Education Technology Services

Measuring the Educational Journey: Assessing Learning Outcomes in Education Initiatives

Education plays a vital role in shaping individuals' lives and fostering societal progress. Across the globe, numerous education initiatives and programs strive to provide quality learning experiences to learners of all ages. However, the question that often arises is, how effective are these educational endeavours in achieving their intended outcomes?

In the pursuit of educational excellence, assessing learning outcomes has emerged as a crucial aspect of evaluating the effectiveness of education initiatives. By measuring the educational journey, we can gain insights into the impact of these programs on learners' knowledge, skills, and overall growth.

Here’s an overview of the Kirkpatrick model of evaluation – a model of evaluation often deployed for assessing the effectiveness of educational programs.

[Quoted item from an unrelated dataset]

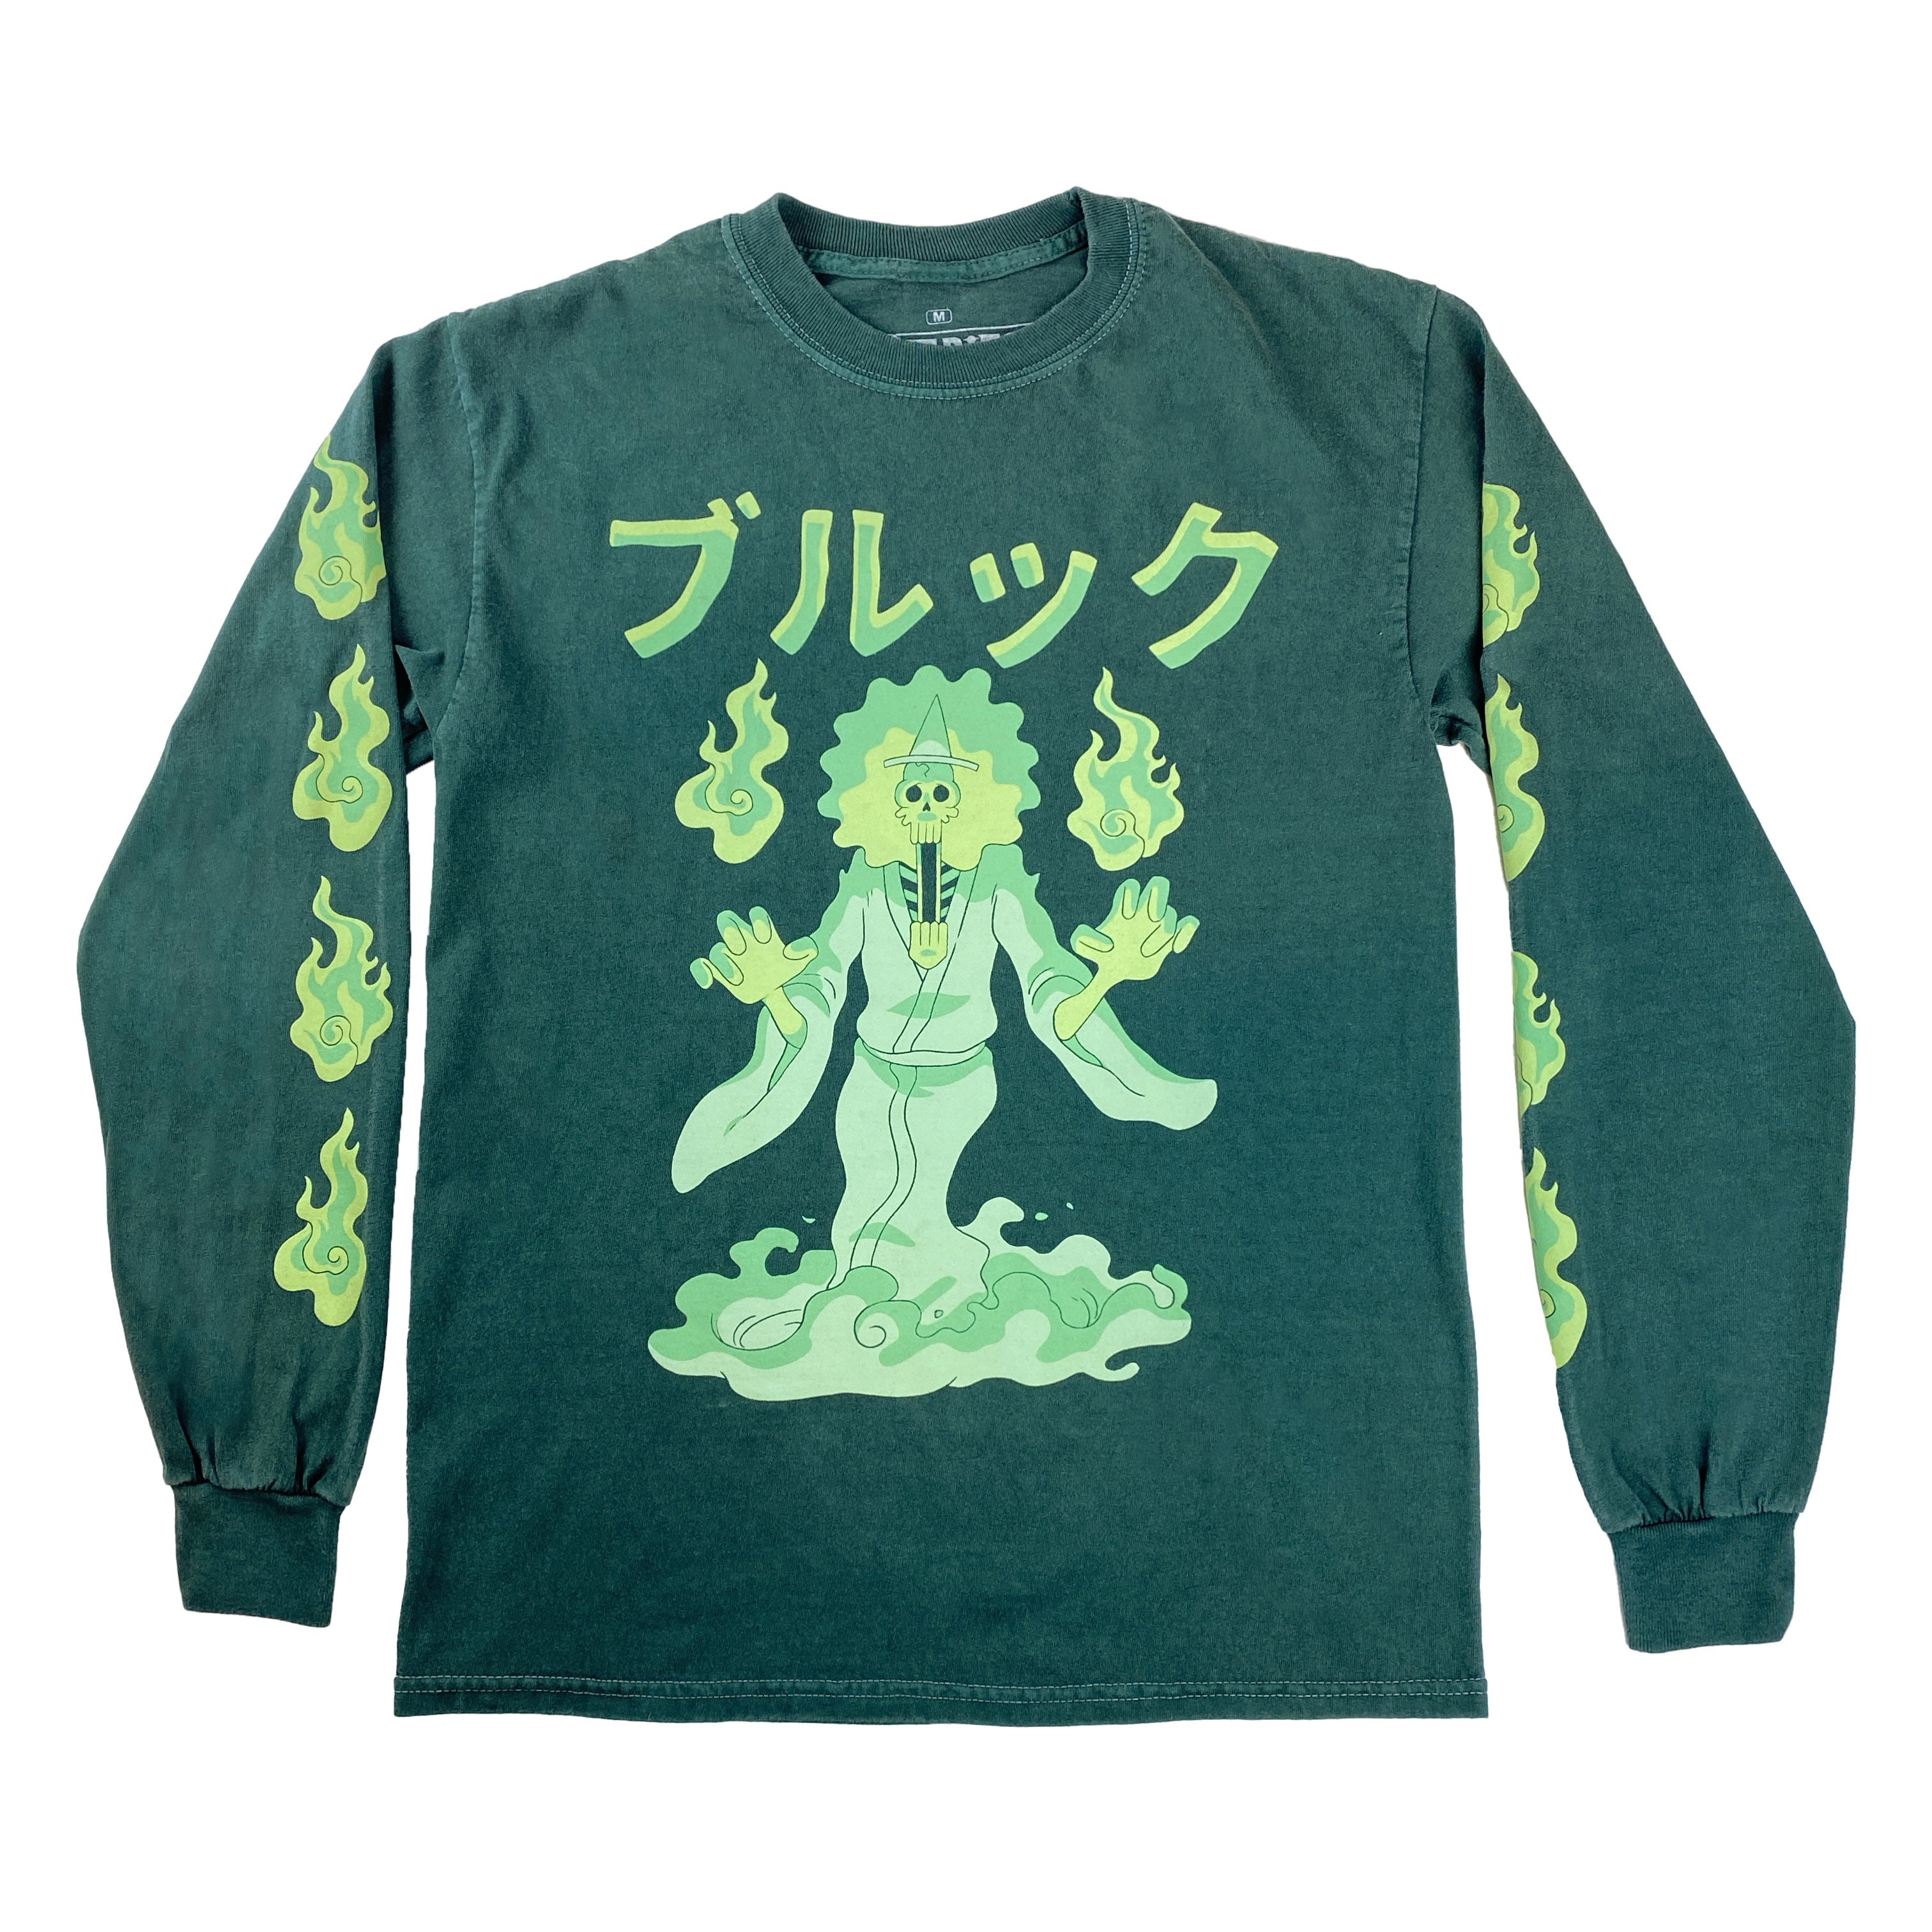 One Piece - Soul Brook Long Sleeve - Crunchyroll Exclusive! image count 0

Developed originally by Professor Donald Kirkpatrick of the University of Wisconsin, USA, in 1959, the model was substantially revised in 2016 and re-christened the “New World Kirkpatrick Model". The model consists of 4 levels of evaluation. The first two levels are performed at the time of the training programme and assess how successfully the training met its learning objectives. The subsequent two levels measure how effectively the training resulted in on-the-job improvement in performance and ultimately on the company’s bottom line.

Level 1—Reaction: this level measures the immediate response of the trainees to the programme and answers questions like:

  • How clearly did the instructor convey the information and how engaging was the programme?
  • How relevant did participants feel the programme was to their actual work?

This evaluation is mostly done through questionnaires, interviews, and direct observation of the programme.

Level 2—Learning: this level measures what the trainees learned.

  • What did trainees learn from the programme based on pre-and post-training tests?
  • With programmes that focus on practical skills, trainees have to demonstrate the new skills they have learned.

This evaluation is done through tests (paper and practical), self-evaluation questionnaires, and interviews.

These two levels are the easiest to evaluate and so are the ones most conducted by HR Departments. Modern software allows the use of online evaluation which not only speeds up the process but also makes it easier to analyse the data and present the results graphically using appropriate charts. Evaluation of these two levels is most useful for programme improvement through the feedback they provide.

The real challenge is the evaluation done at levels 3 and 4, which focus on the actual impact of the training on performance and productivity.

Level 3—Behaviour: This level measures the actual transfer of knowledge/skills/attitude back on-the-job; consequently, this evaluation is done weeks and months after the training is completed, maybe several times. This level measures:

  • Are the trainees successfully implementing what they learned when performing their tasks?
  • Is the change in behaviour/attitude transient or lasting?

Success at this level requires a process of ongoing support, reinforcement, and continued learning. This level is measured through observation, interviews, and reports by supervisors (some companies use 360-degree reviews), and by metrics that measure the specific objectives of the training; e.g., customer satisfaction, effectively closing sales, improved performance of tasks, fewer errors, etc.

Level 4—Results: This level is the most difficult and costly level to measure; hence, this level of evaluation is done mainly for the most critical and costly programmes.

The  “New World Kirkpatrick Model" stresses using the model from the end to the beginning. Starting with identifying the level 4 results you want to accomplish you specify ‘Leading Indicators’ that will show if you have achieved your goals (for example, depending on the objectives of the programme—increased employee retention, increased productivity, improved customer satisfaction scores, increased sales, reduction in errors/waste, improved quality, improved staff morale). Having established the desired level 4 results, you then determine the specific changes in behaviour required to achieve these results. It is important to operationalise these behavioural changes as specifically as possible so they can be measured. Having established the metrics, you determine the methods you will use to gather and analyse data. Finally, based on this analysis, you design and implement the training programme.

One cost-effective approach to measuring levels 3 and 4 involves the establishment of an online community restricted to the trainees and trainers of a recently concluded programme. This online platform allows participants to share the challenges they face in applying what they learnt; participants share their solutions and support each other. This approach uses the power of peer-to-peer learning along with positive reinforcement from trainers as the trainees engage in this process. This online community is kept active for several months and at the end a summary of what transpires is prepared as a level 3/4 evaluation report for managers.

By systematically evaluating the learning process, knowledge acquisition, behaviour change, and overall organisational impact, the Kirkpatrick Model helps organisations make data-driven decisions to improve training outcomes and maximise return on investment. This model and other such methods serve as a valuable tool for organisations seeking to optimise their training and development efforts.